** AIM OF THE TASK **
What must be handed in is the entire listing, exactly as written, with no pictures.

** PROVIDED DATA **
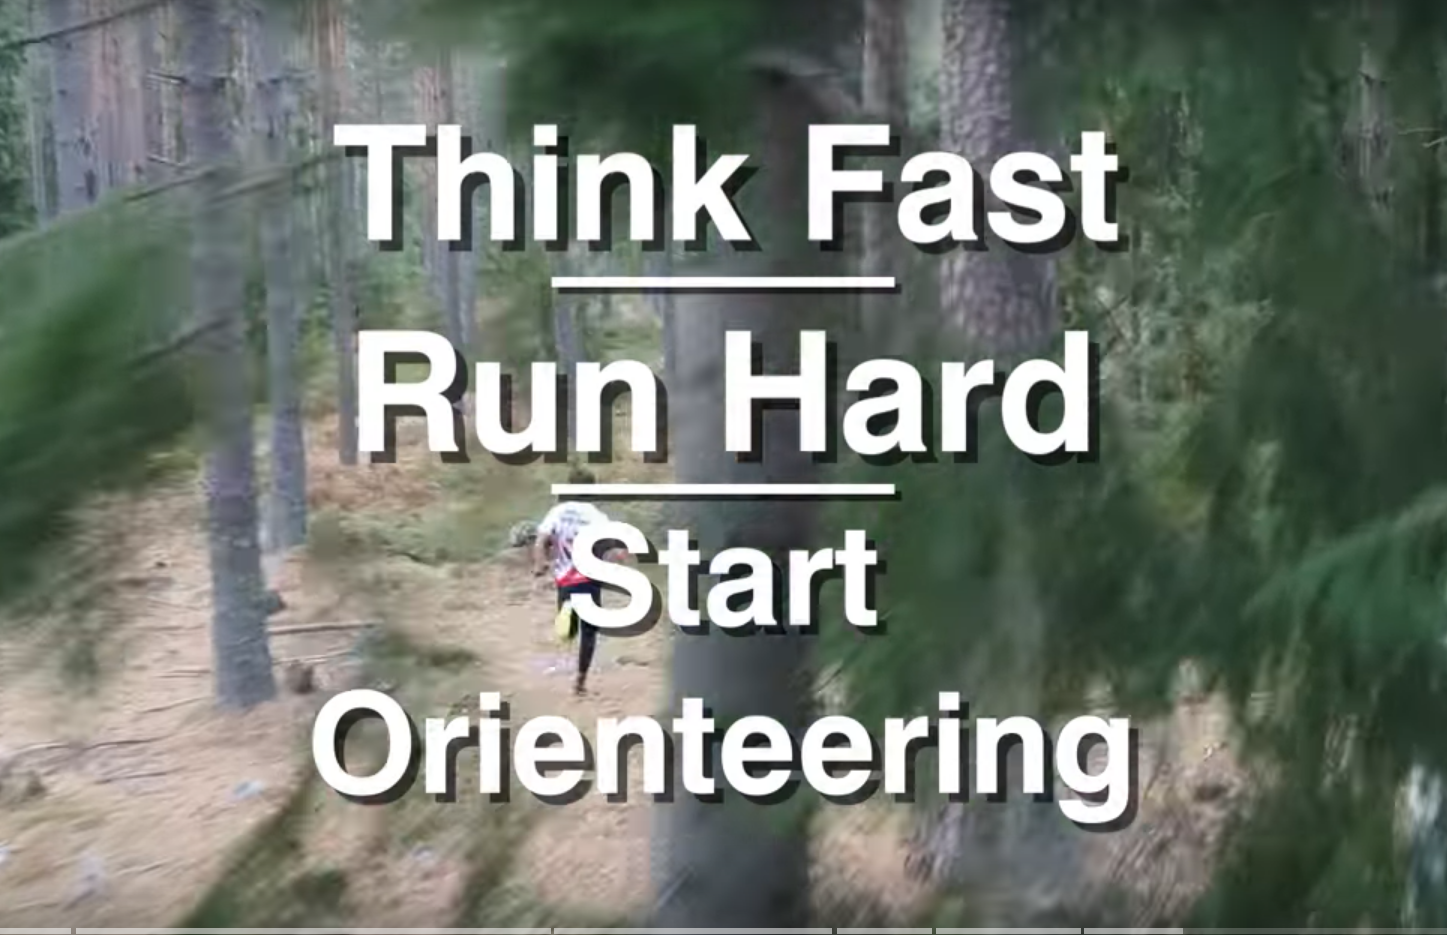 Start orienteering
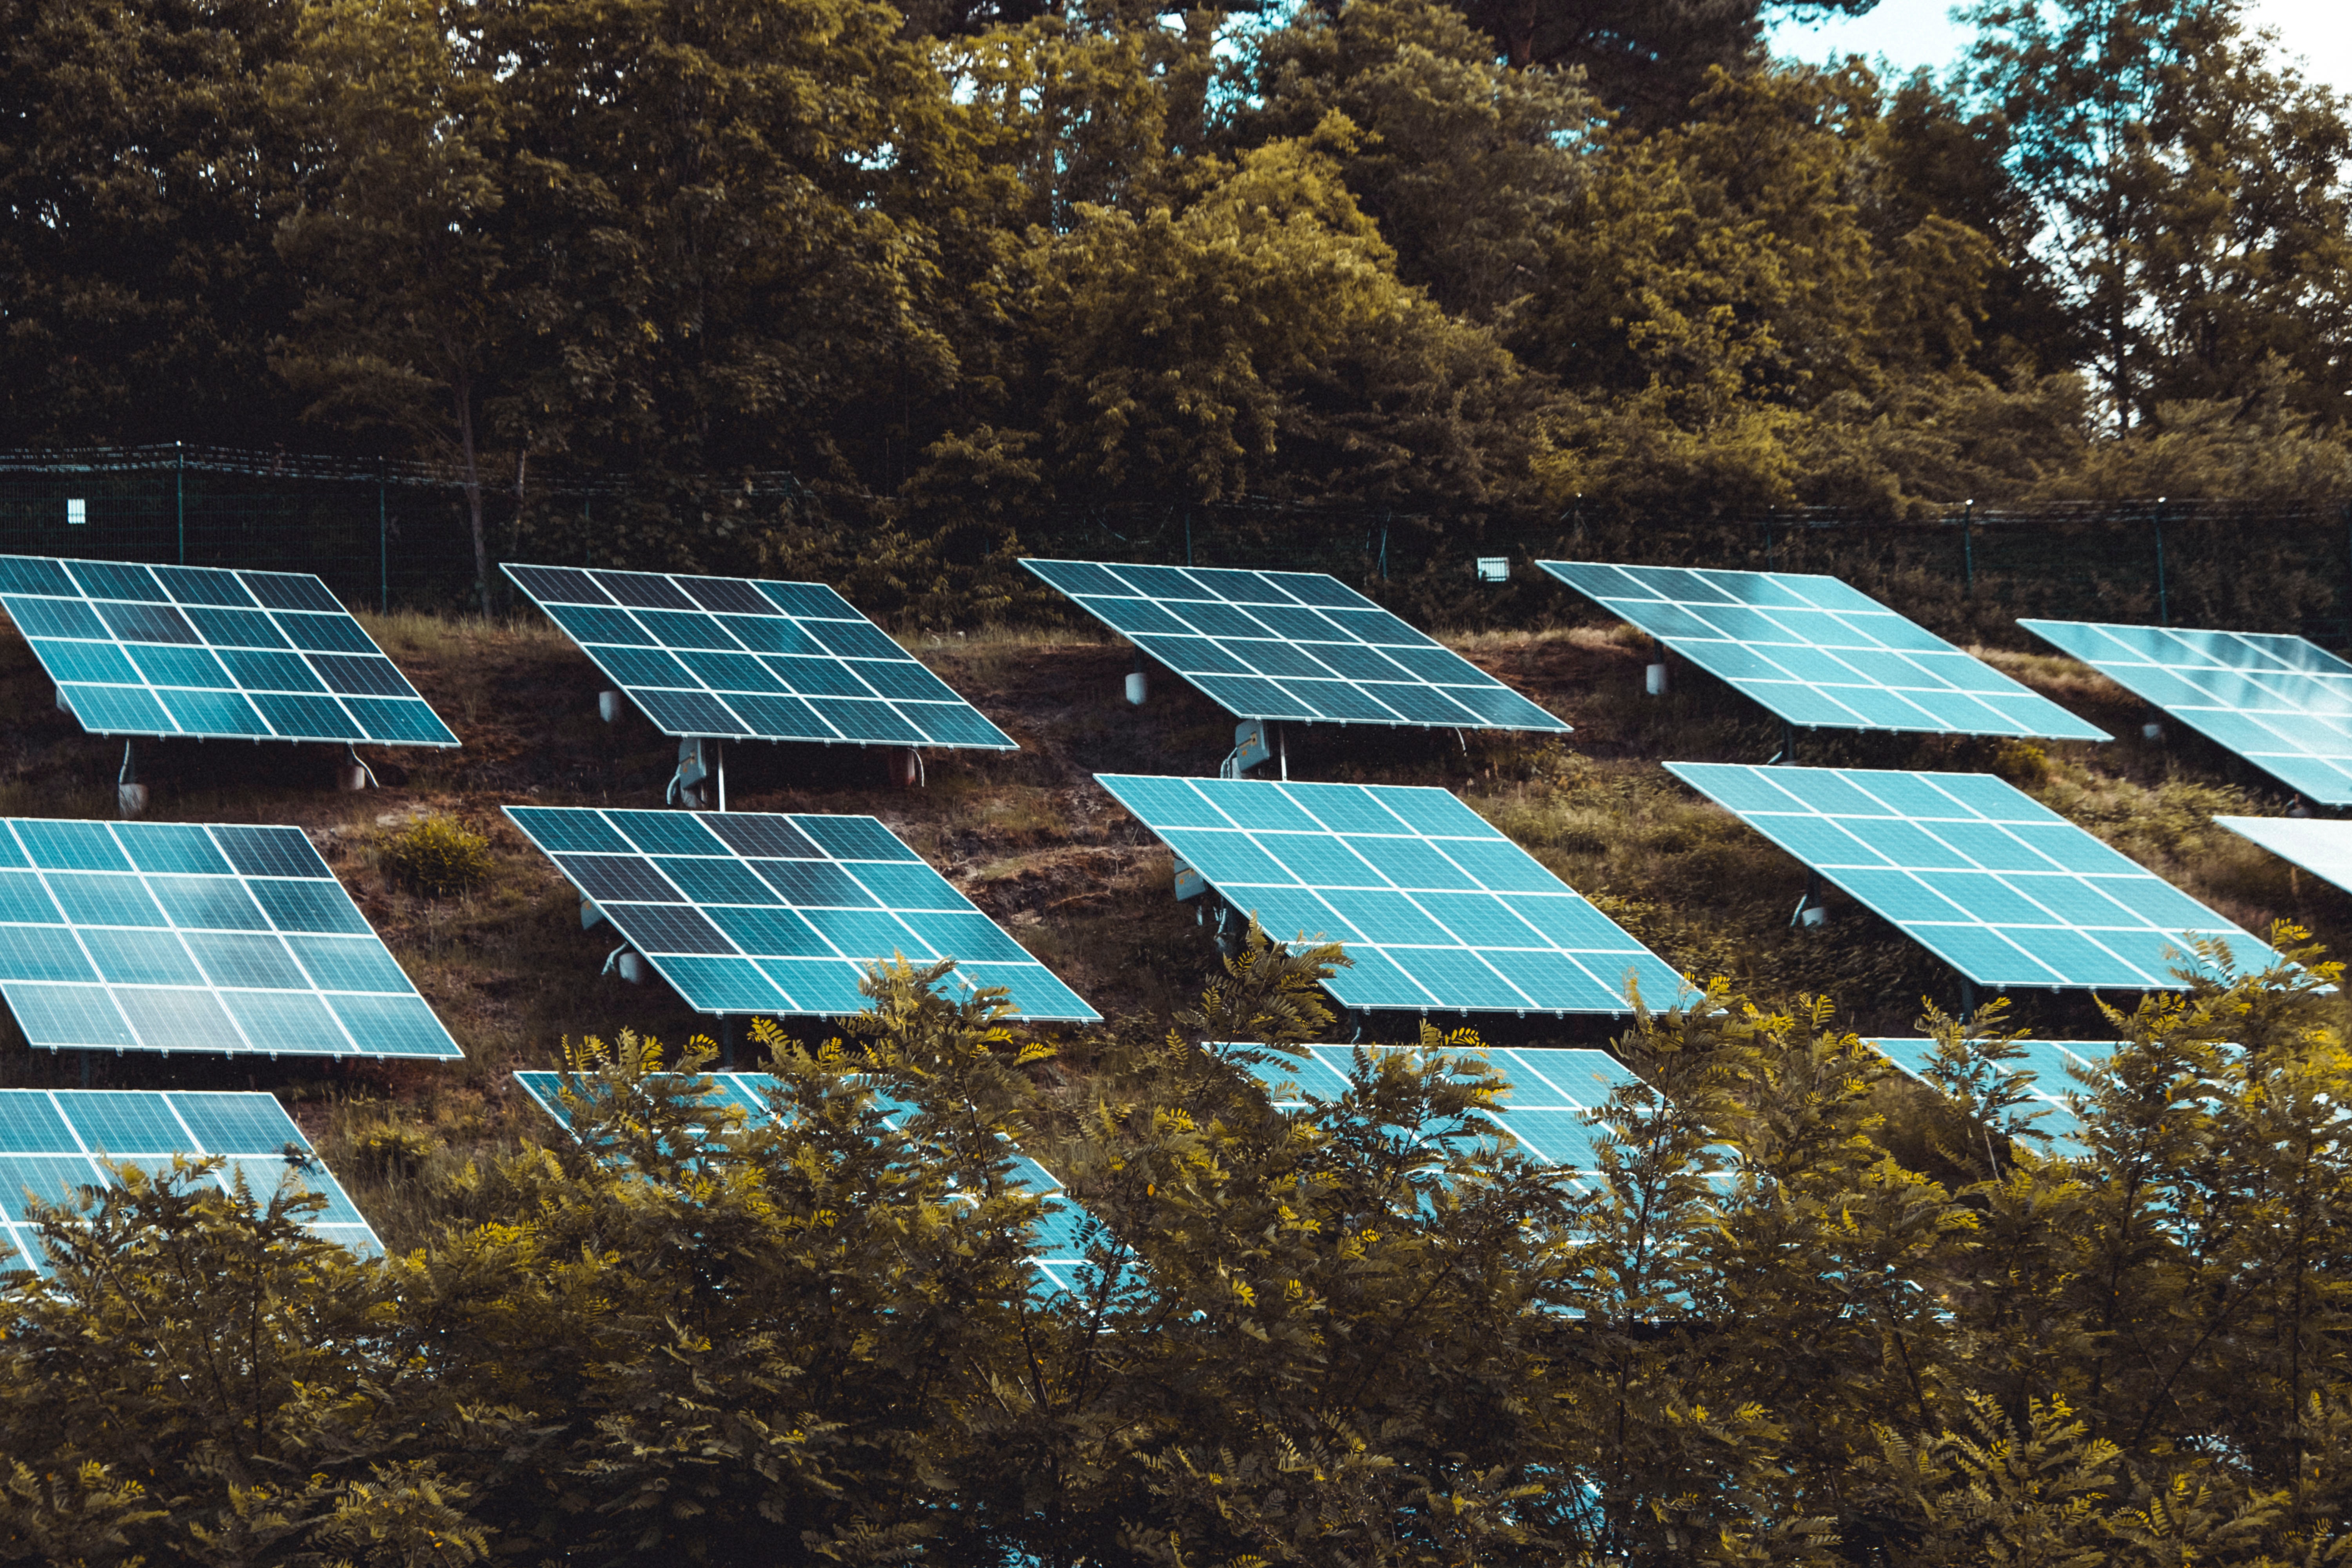 Solar panels_Moritz Kindler_Unsplash
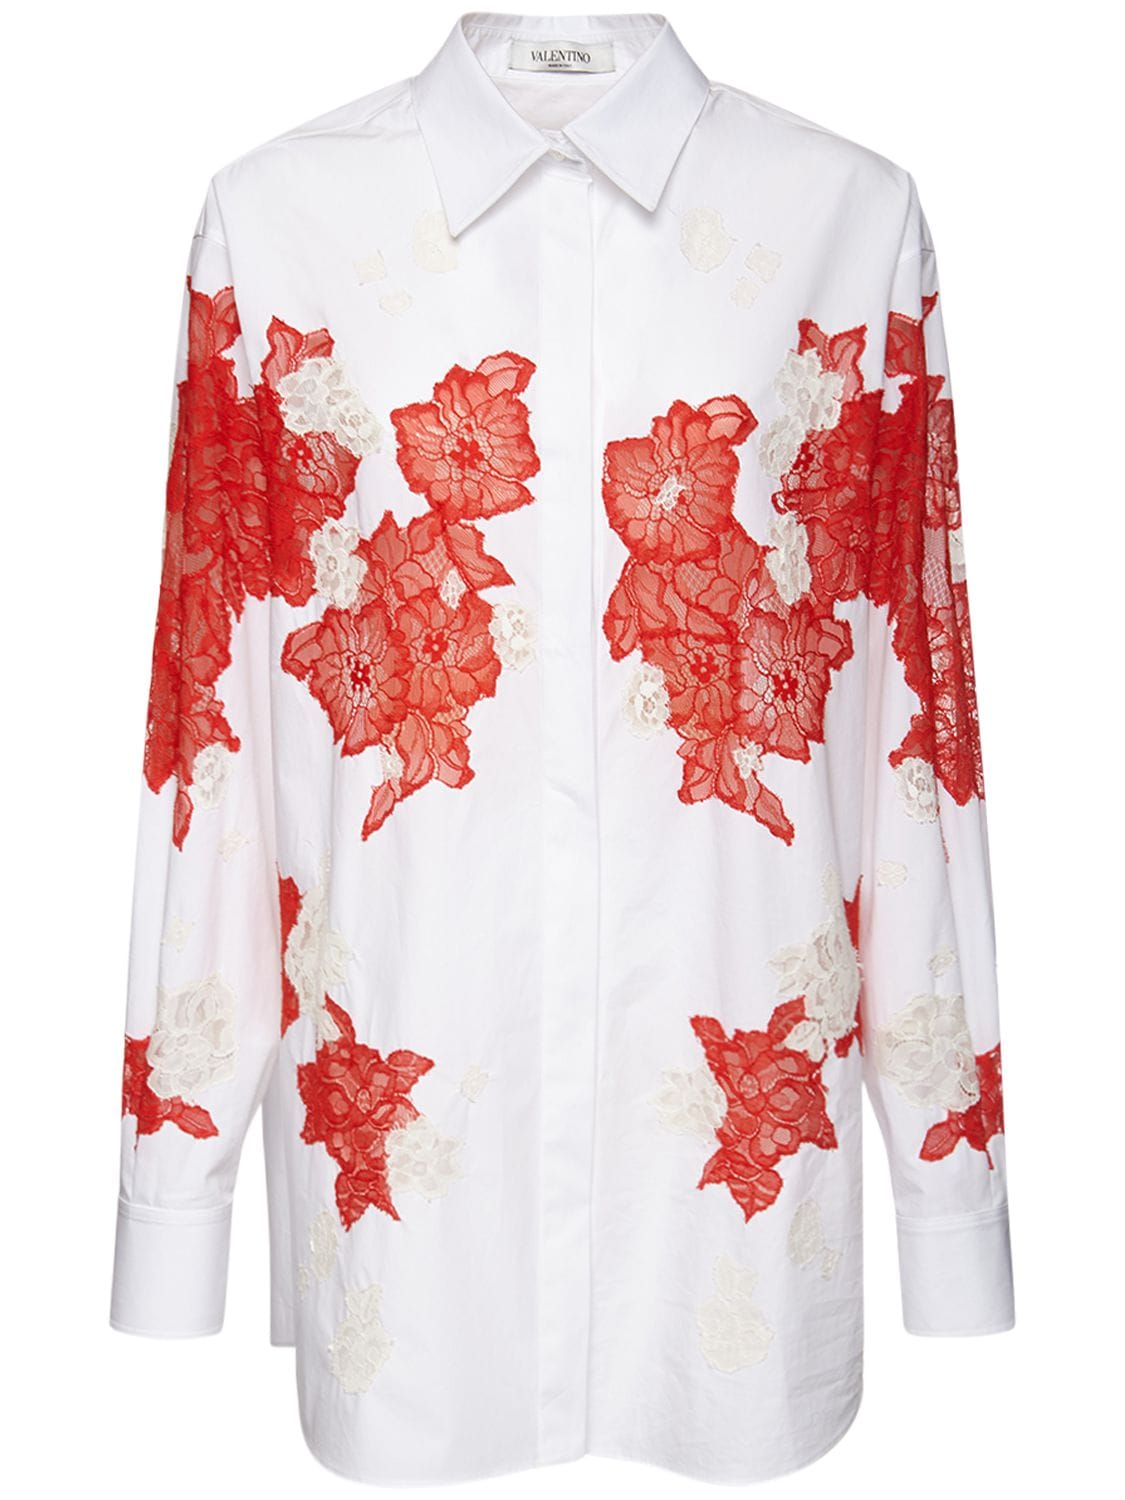 Cotton Lace Blossom Shirt
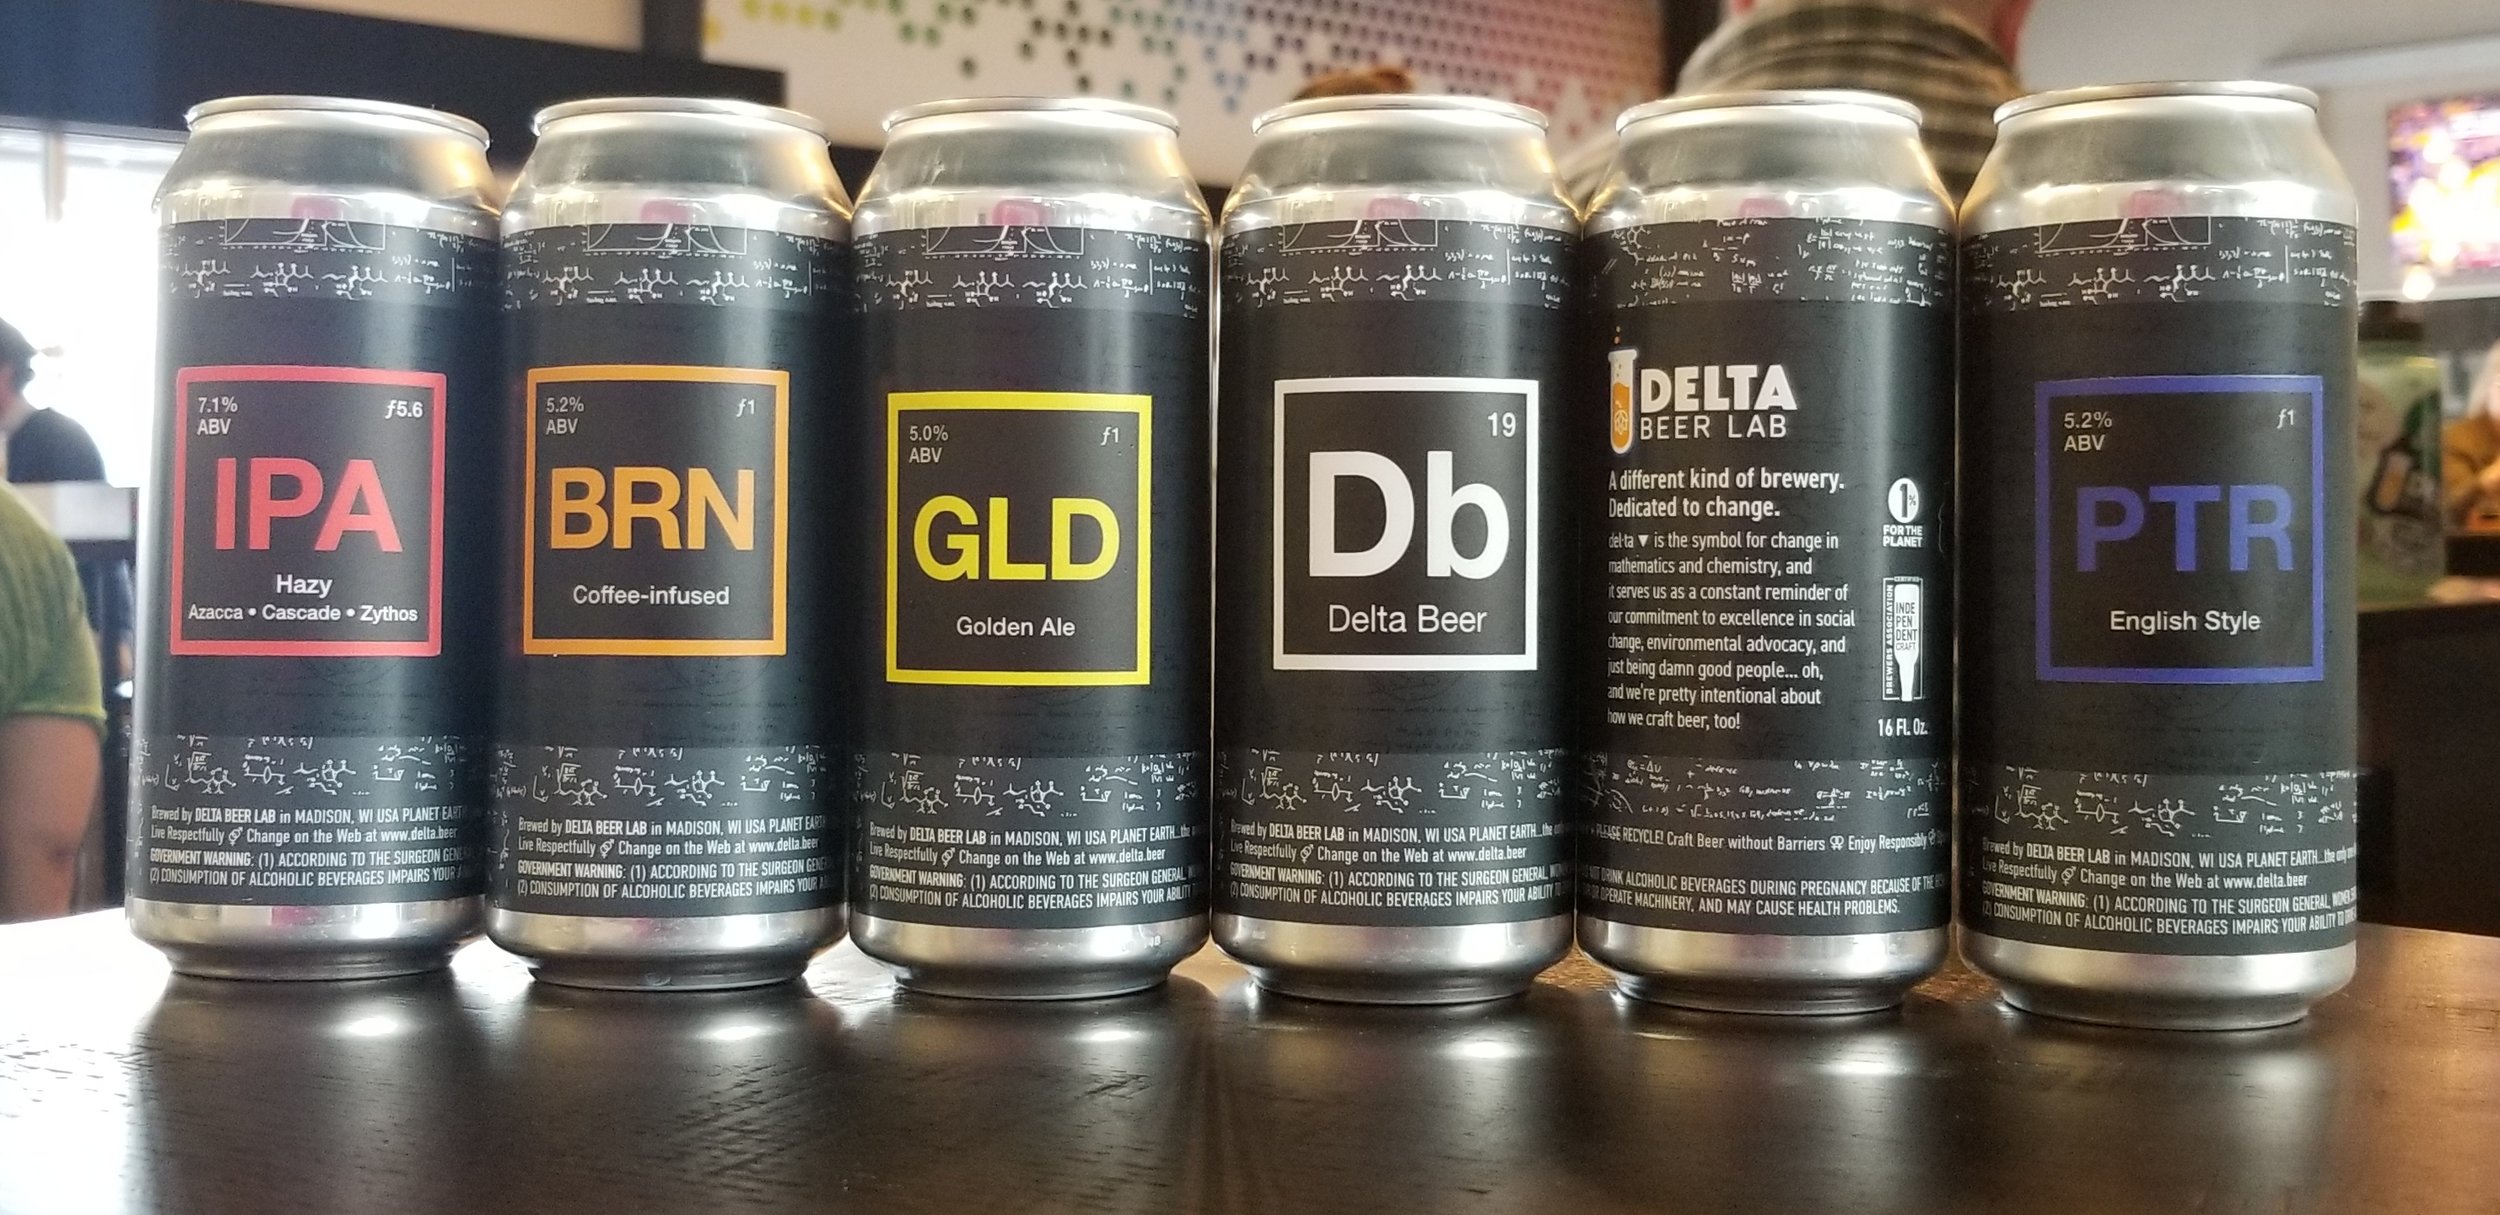 Delta Beer Lab Cans

** TASK OUTPUT **
 Start orienteering
 Solar panels_Moritz Kindler_Unsplash
 Cotton Lace Blossom Shirt
 Delta Beer Lab Cans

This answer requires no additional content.